Bayreuth was created for the inaugural 1949 federal election. Since 2017, it has been represented by Silke Launert of the Christian Social Union (CSU).

Geography
Bayreuth is located in northern Bavaria. As of the 2021 federal election, it comprises the independent city of Bayreuth, the Landkreis Bayreuth district, and the municipalities of Egloffstein, Gößweinstein, Obertrubach, Pretzfeld, and Wiesenttal and Verwaltungsgemeinschaften of Ebermannstadt and Gräfenberg from the Forchheim district.

History
Bayreuth was created in 1949. In the 1949 election, it was Bavaria constituency 25 in the numbering system. In the 1953 through 1961 elections, it was number 220. In the 1965 through 1998 elections, it was number 223. In the 2002 and 2005 elections, it was number 238. Since the 2009 election, it has been number 237.

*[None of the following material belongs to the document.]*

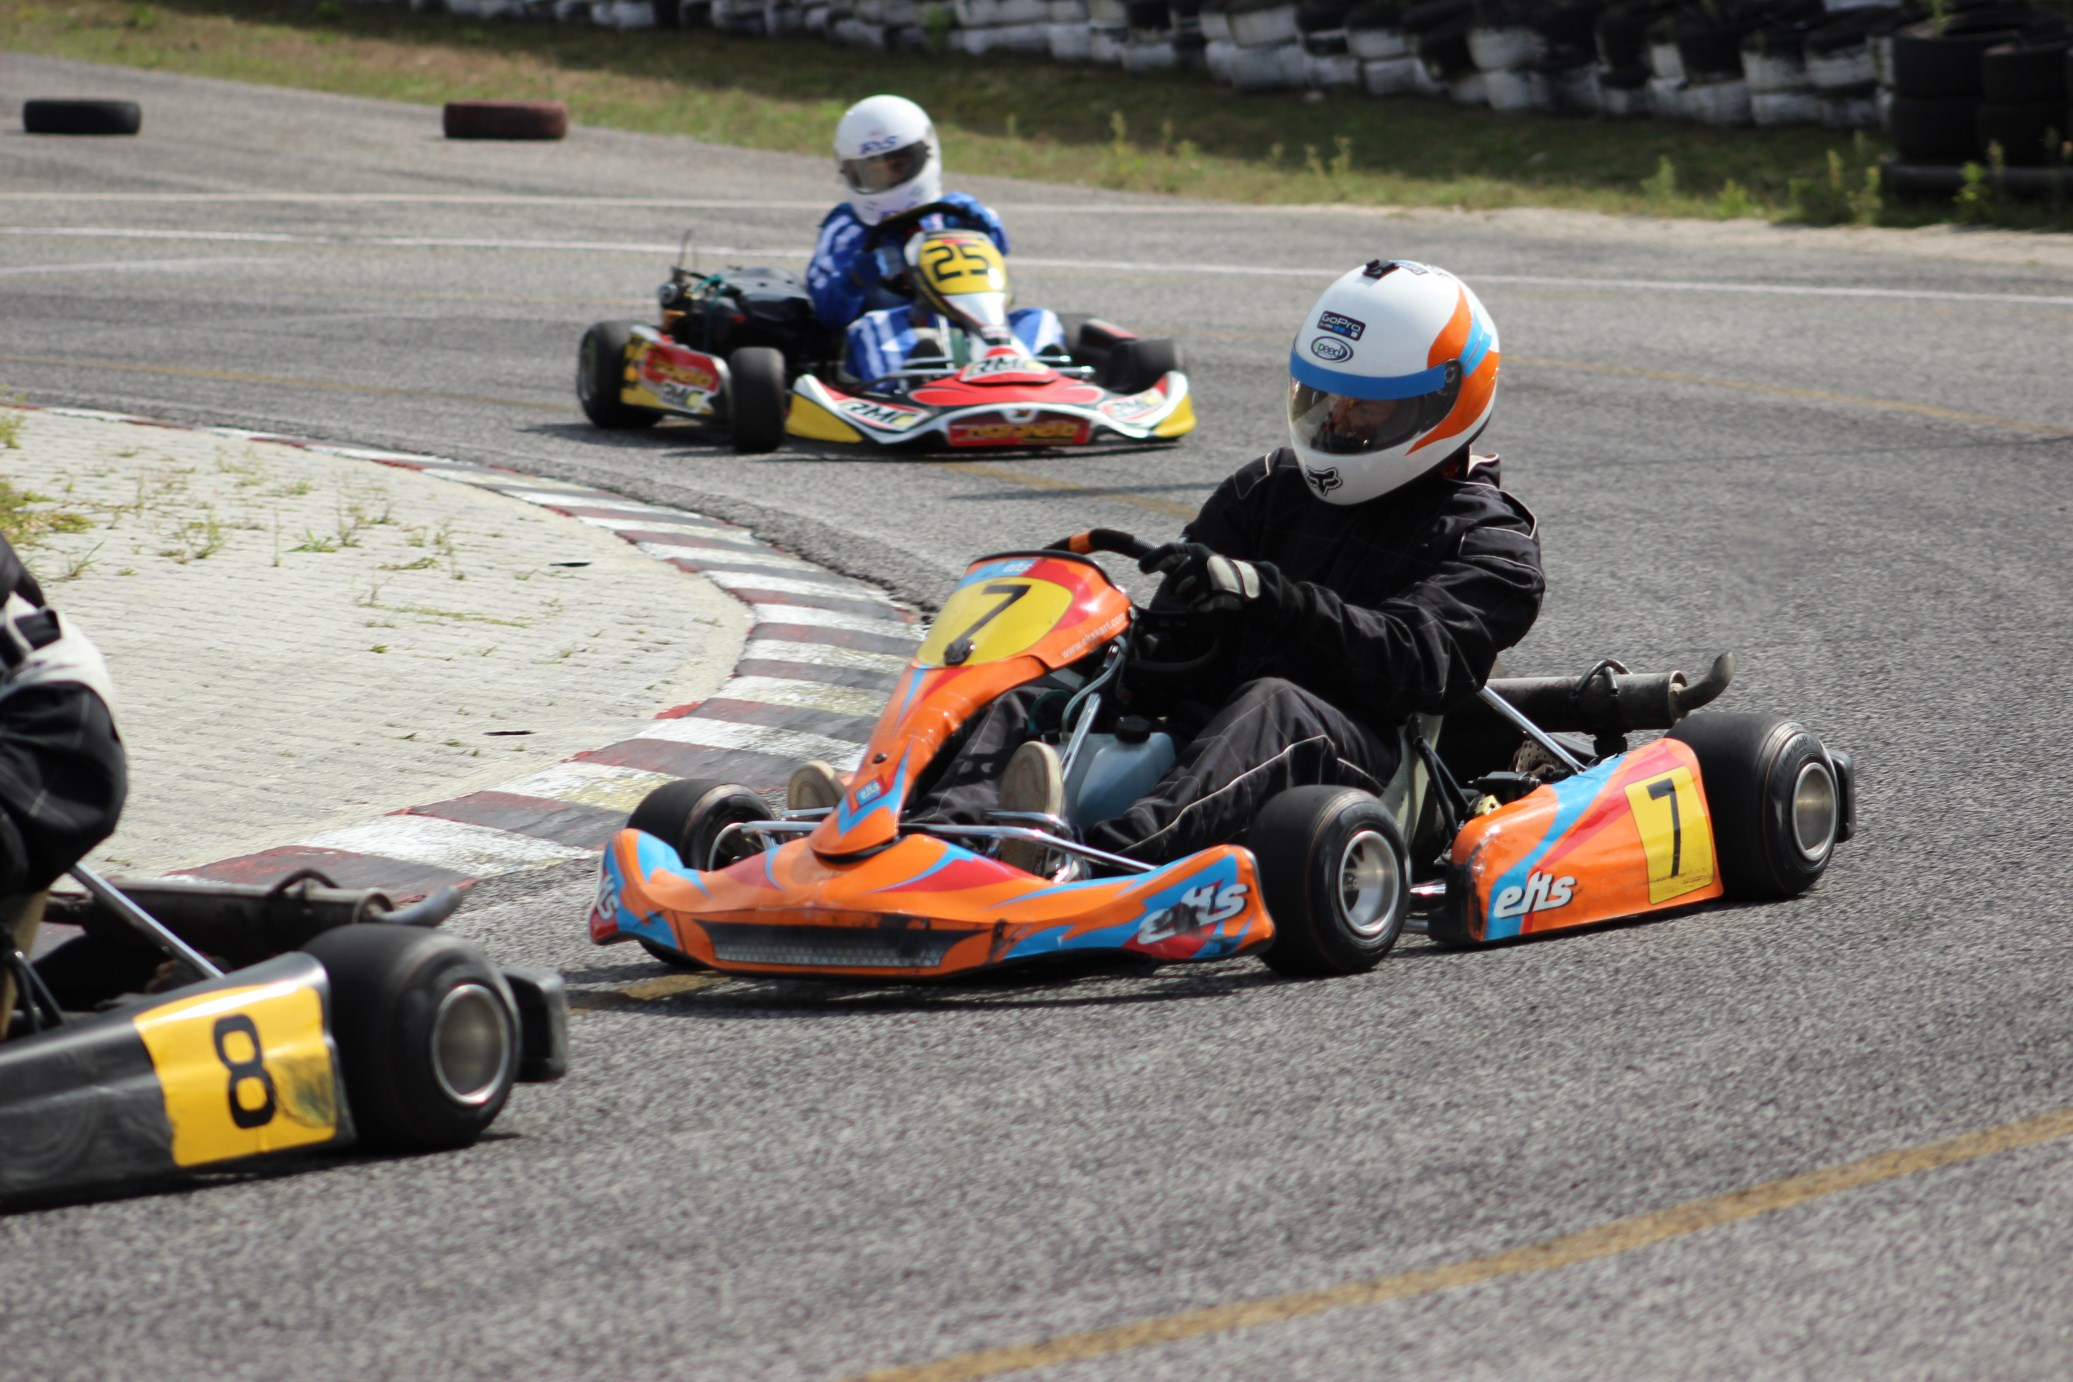 Troféu Honda 2014 - 3ª Prova161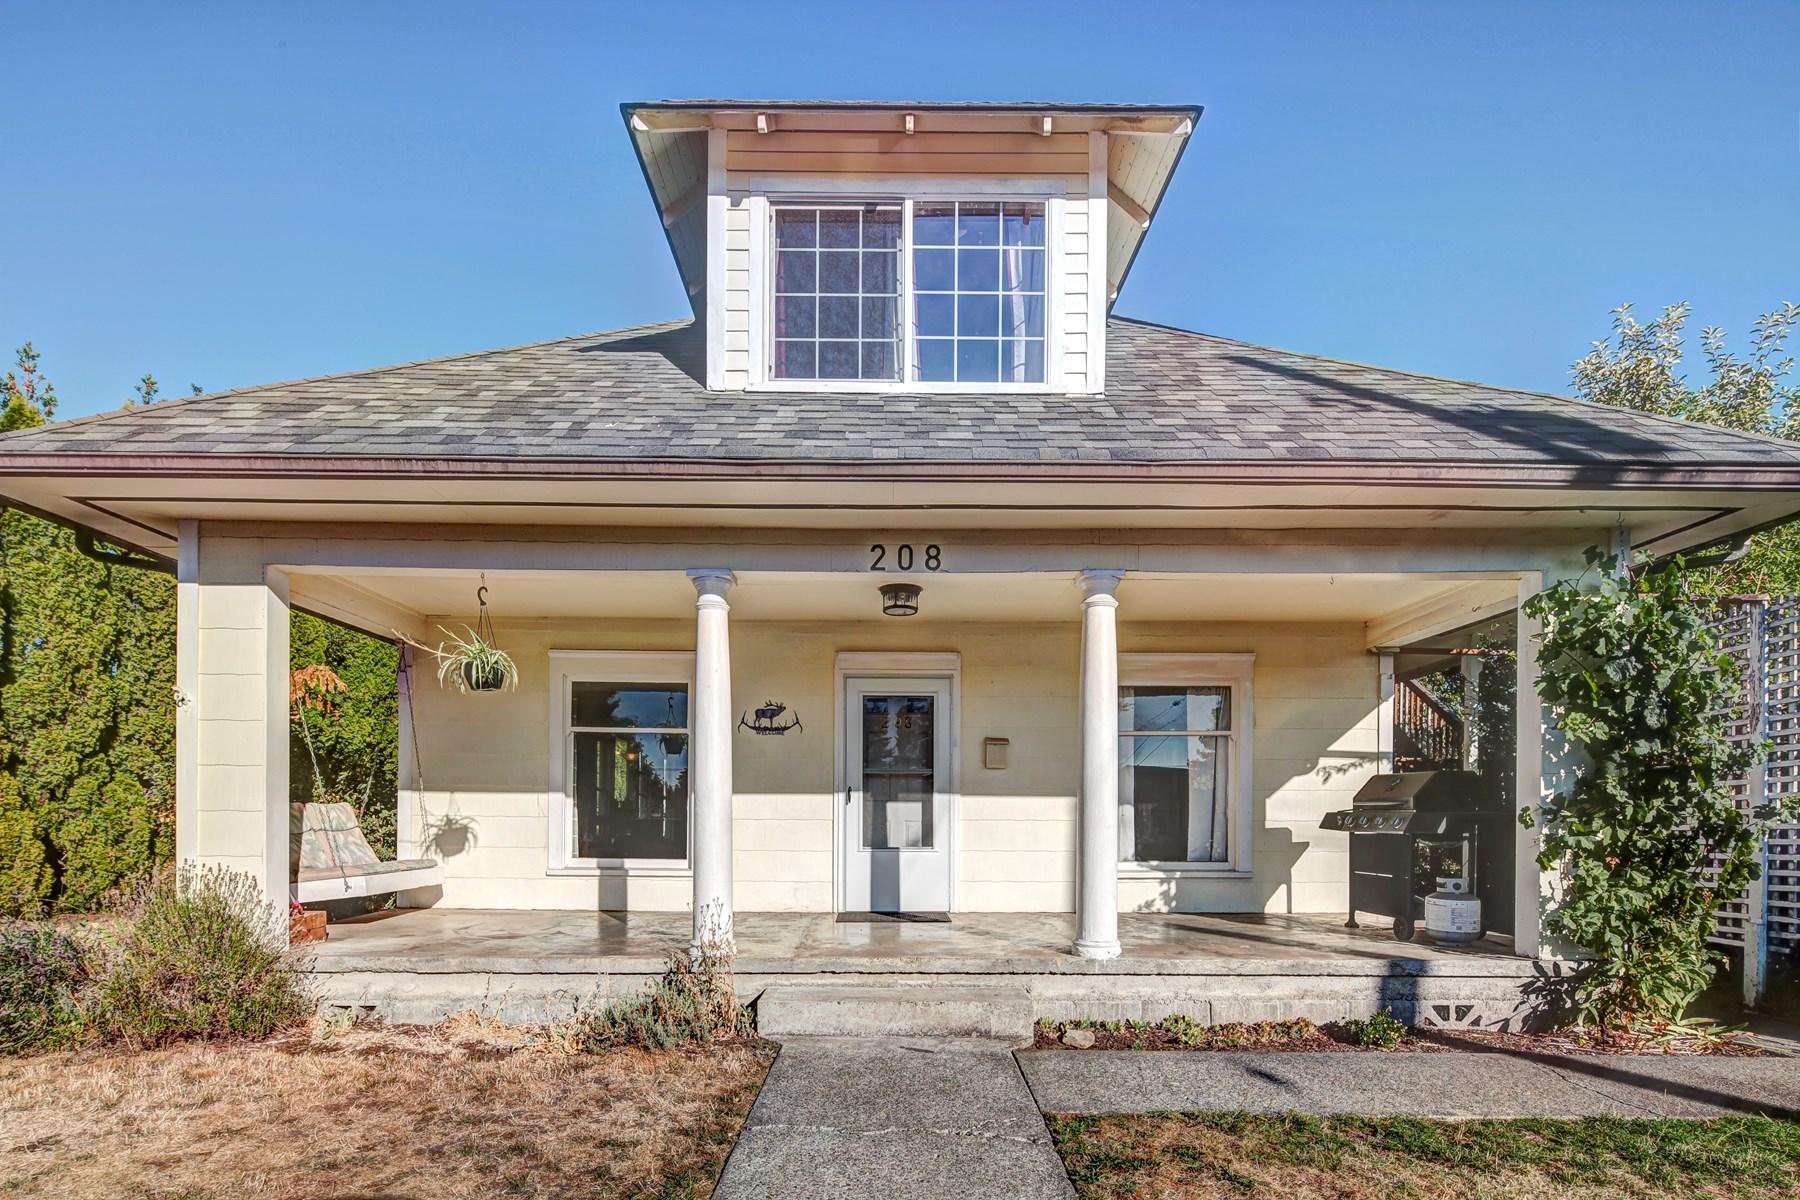 Historic home for sale in Centralia Washington

Originally, the constituency comprised the independent cities of Bayreuth and Marktredwitz and the districts of Landkreis Bayreuth and Wunsiedel. In the 1965 through 1972 elections, it also contained the Pegnitz district. In the 1976 through 1998 elections, it comprised the city of Bayreuth and Landkreis Bayreuth district. It acquired its current borders in the 2002 election.

Members
The constituency was first represented by Matthäus Herrmann of the Social Democratic Party (SPD) from 1949 to 1953, followed by fellow SPD member Herbert Hauffe from 1953 to 1957. Albrecht Schlee of the Christian Social Union (CSU) won it in 1957, but former member Hauffe regained it for the SPD in 1961. Former member Schlee was then elected in 1965 and 1969. Richard Müller of the SPD was elected in 1972 and served a single term. Heinz Starke of the CSU was representative from 1976 to 1980, followed by Ortwin Lowack from 1980 to 1994. Hartmut Koschyk of the CSU then served from 1994 to 2017. Silke Launert of the CSU was elected in 2017 and re-elected in 2021.

Election results

2021 election

2017 election

2013 election

2009 election

References

Federal electoral districts in Bavaria
1949 establishments in West Germany
Constituencies established in 1949
Bayreuth
Bayreuth (district)
Forchheim (district)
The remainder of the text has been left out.